#### WHAT THE TASK ASKS:
Exactly as they appear, please output the lines from the one with "Purple Flower Bougainvillea" through the end of the material, without pictures.

----- SUPPLIED MATERIAL

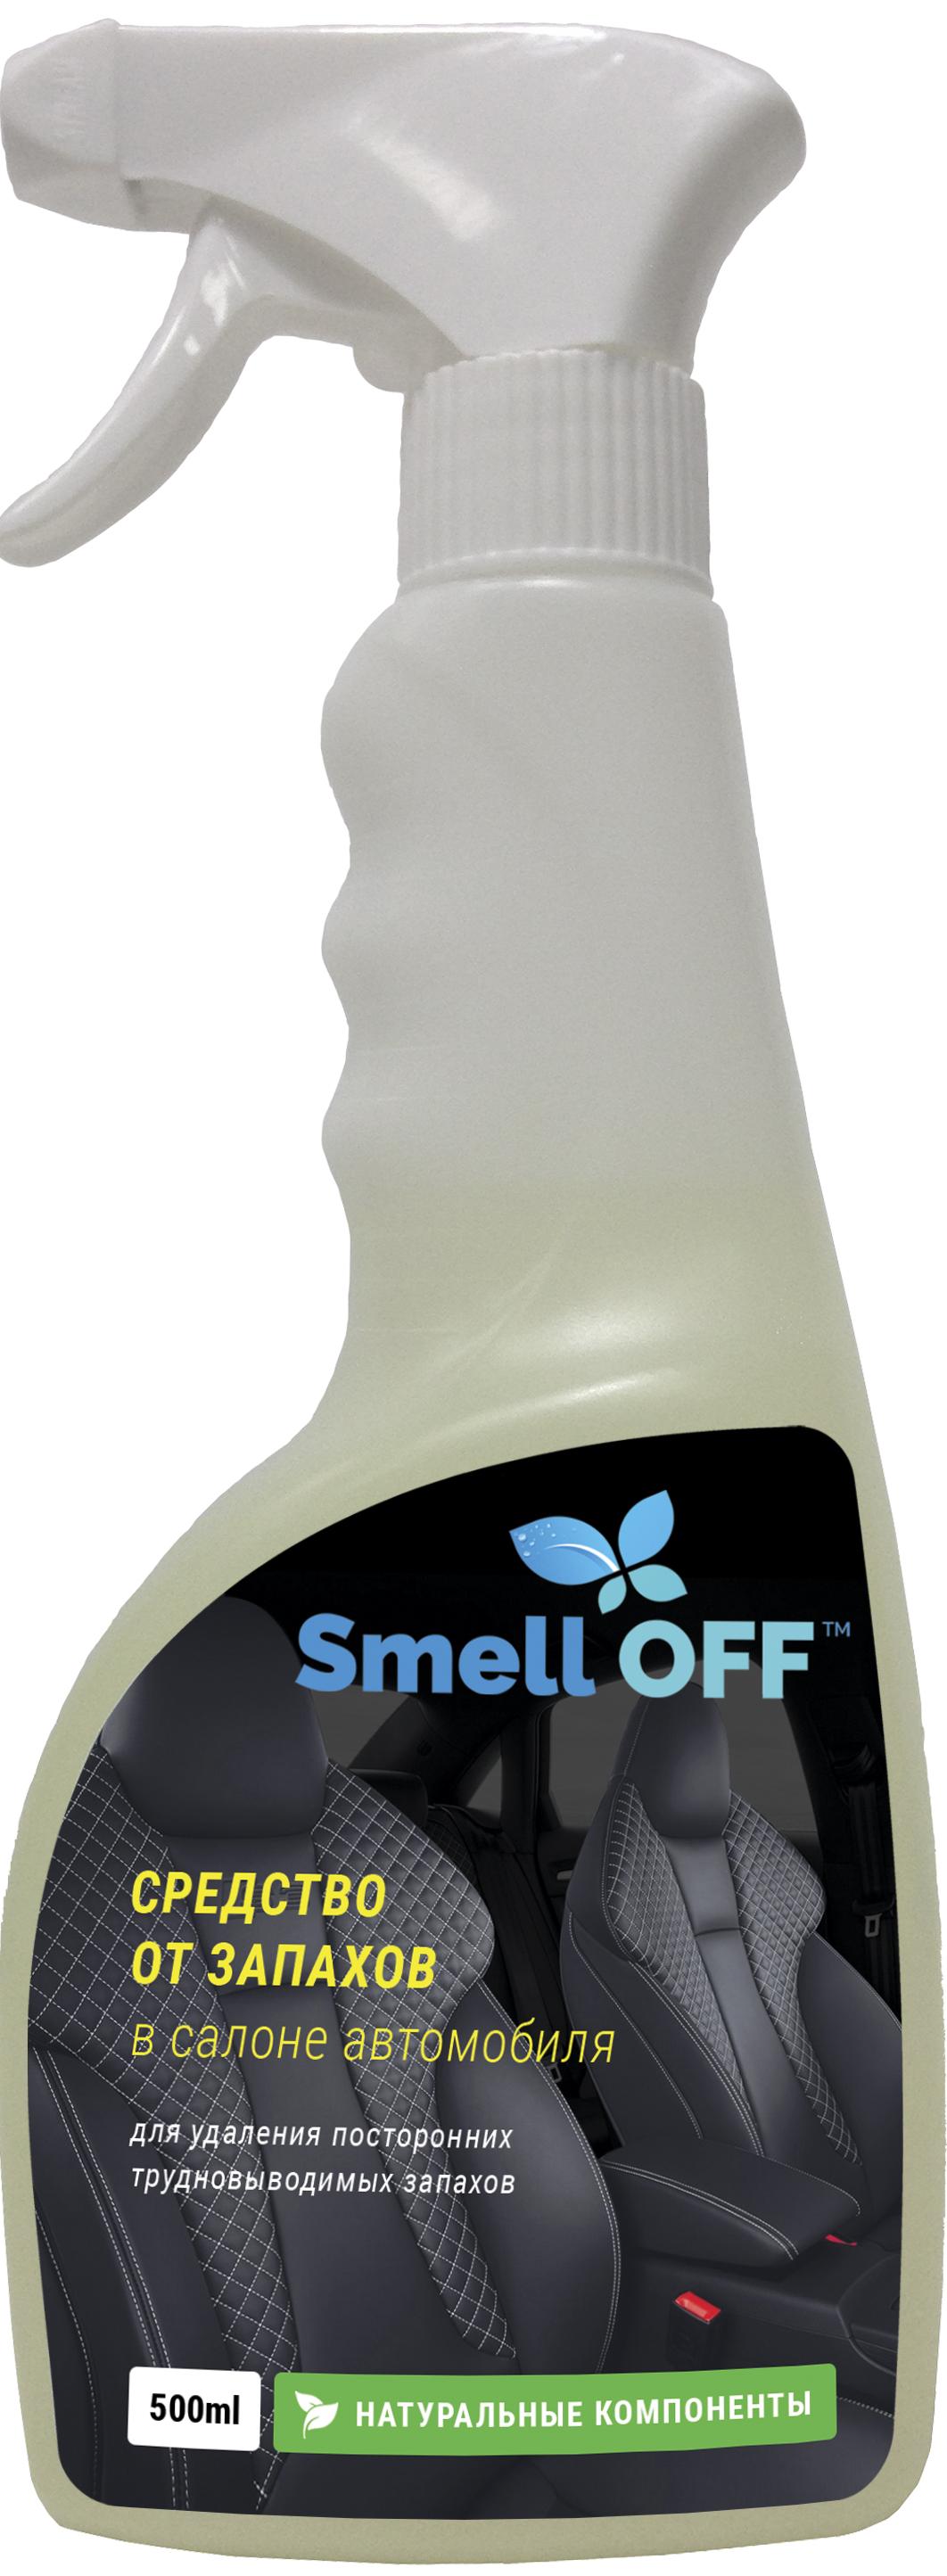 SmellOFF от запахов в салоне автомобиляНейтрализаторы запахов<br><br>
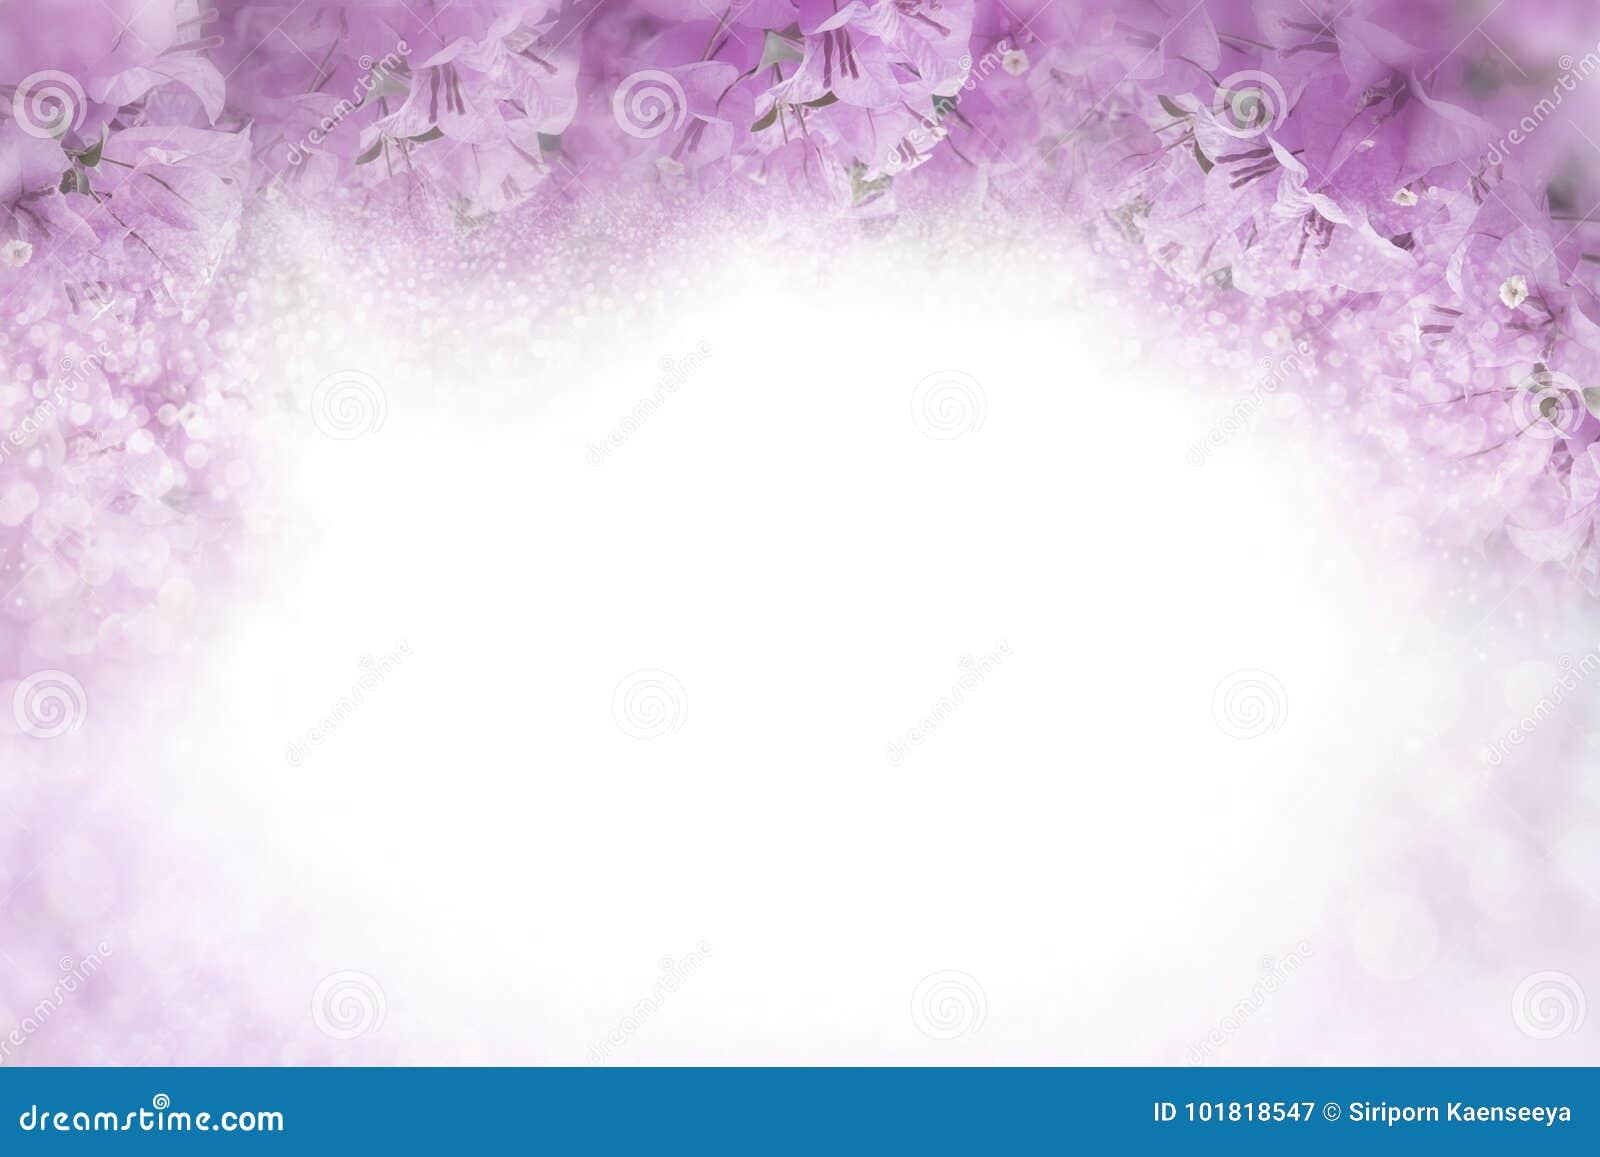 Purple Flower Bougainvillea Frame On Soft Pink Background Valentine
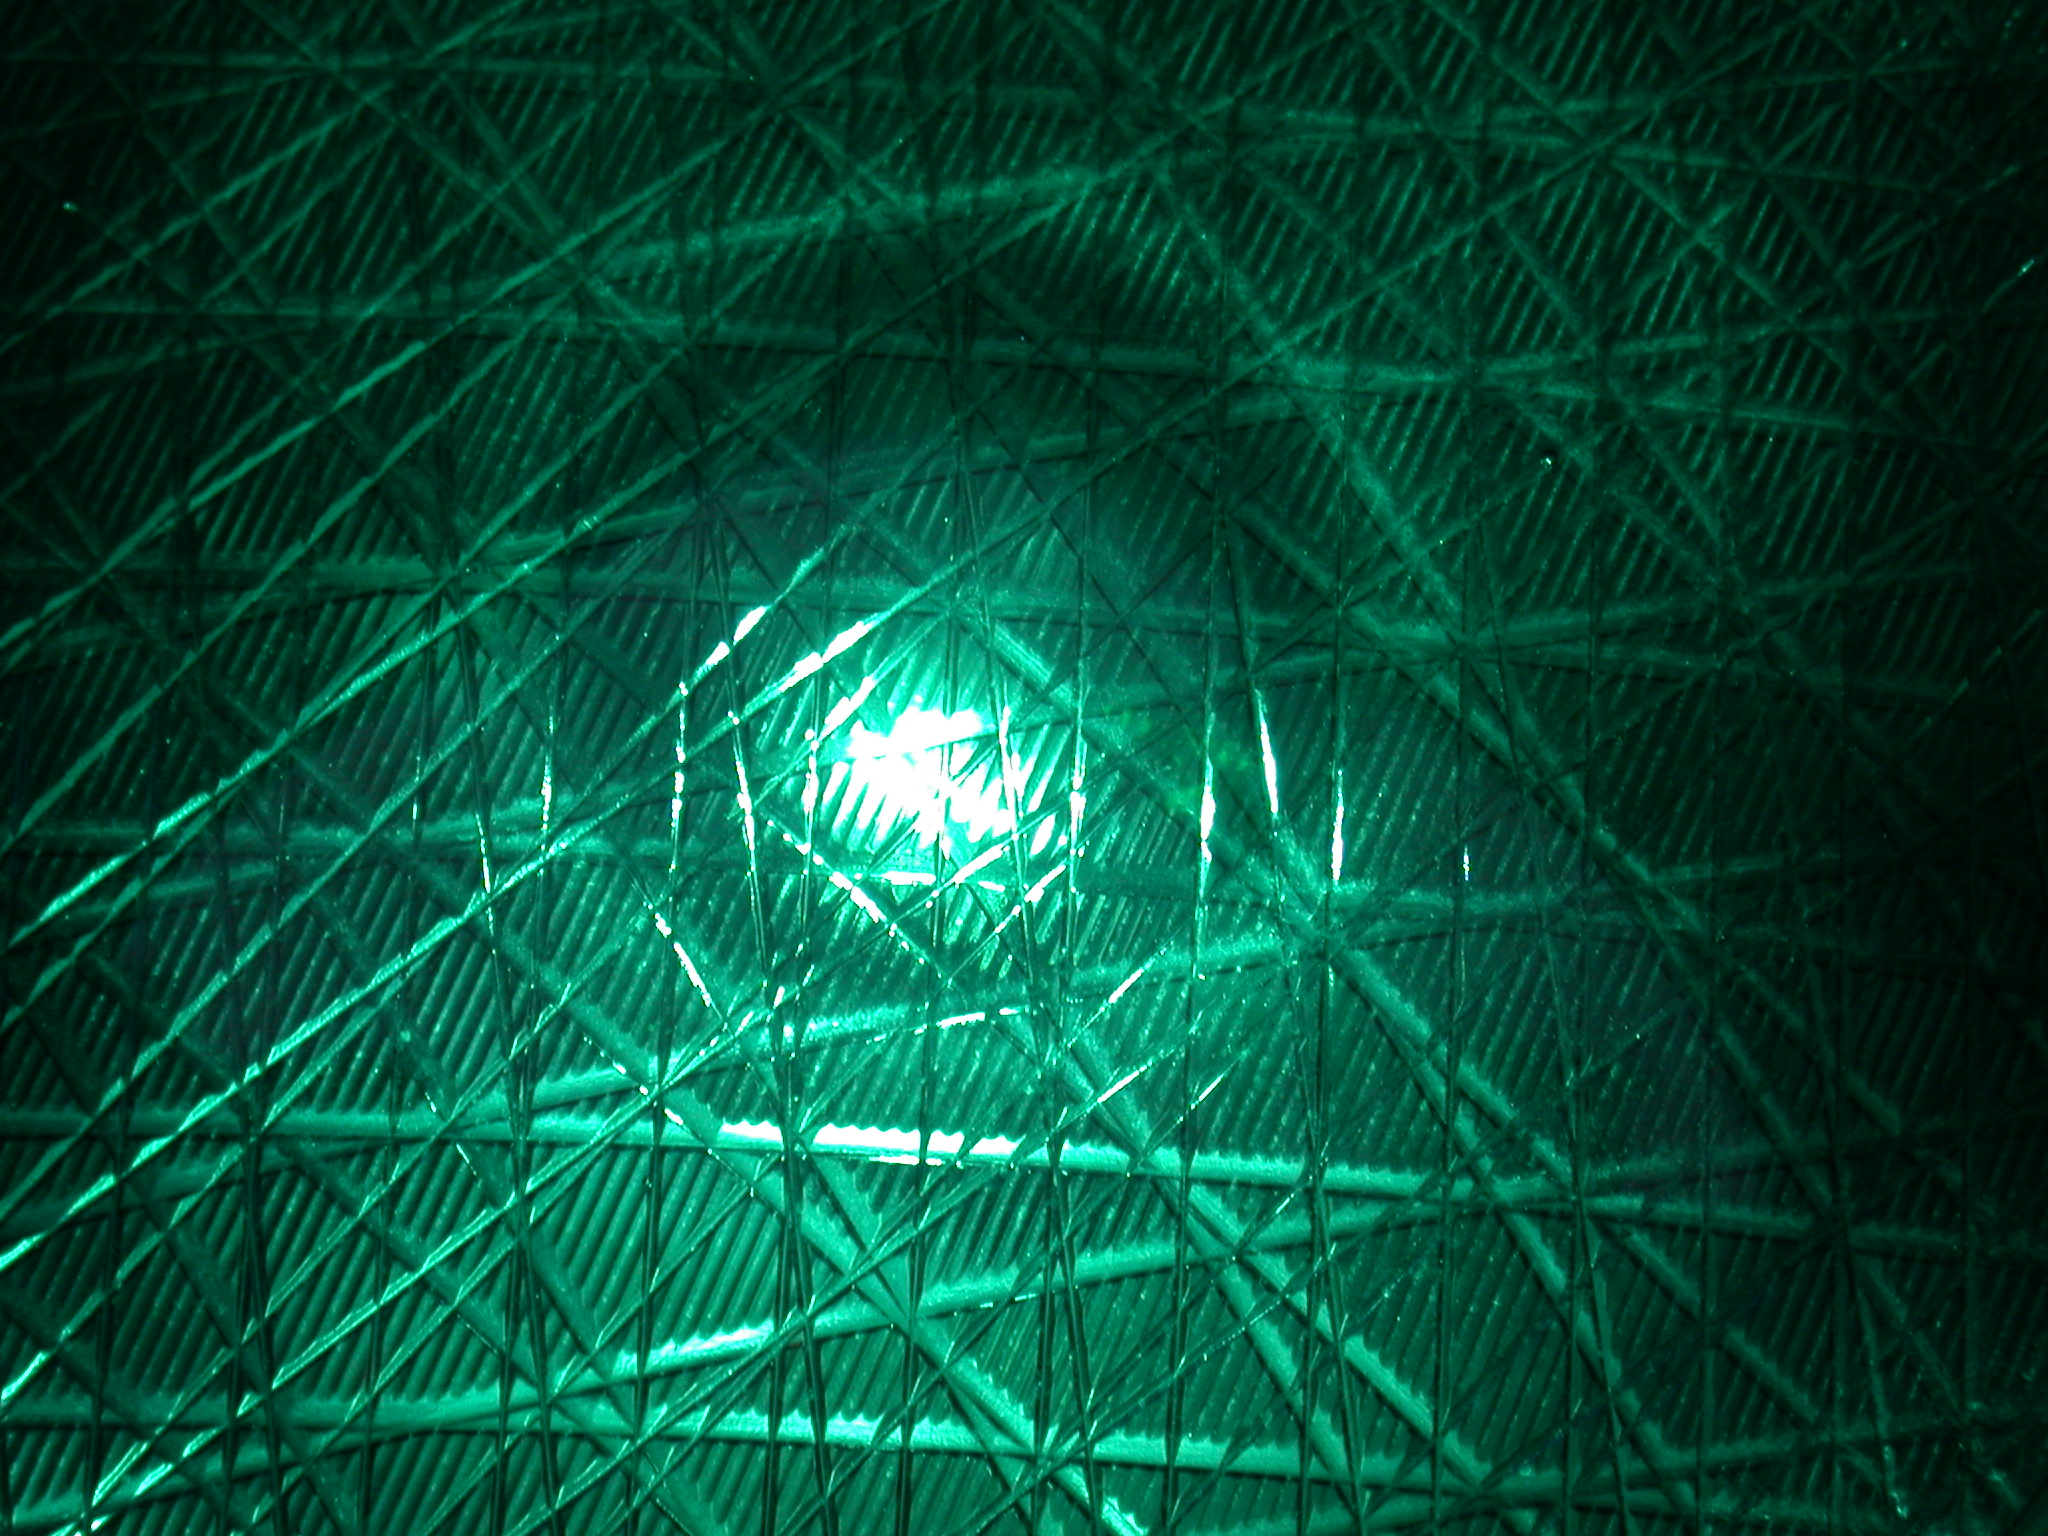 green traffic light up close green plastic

----------

#### RESPONSE BOX:
 Purple Flower Bougainvillea Frame On Soft Pink Background Valentine
 green traffic light up close green plastic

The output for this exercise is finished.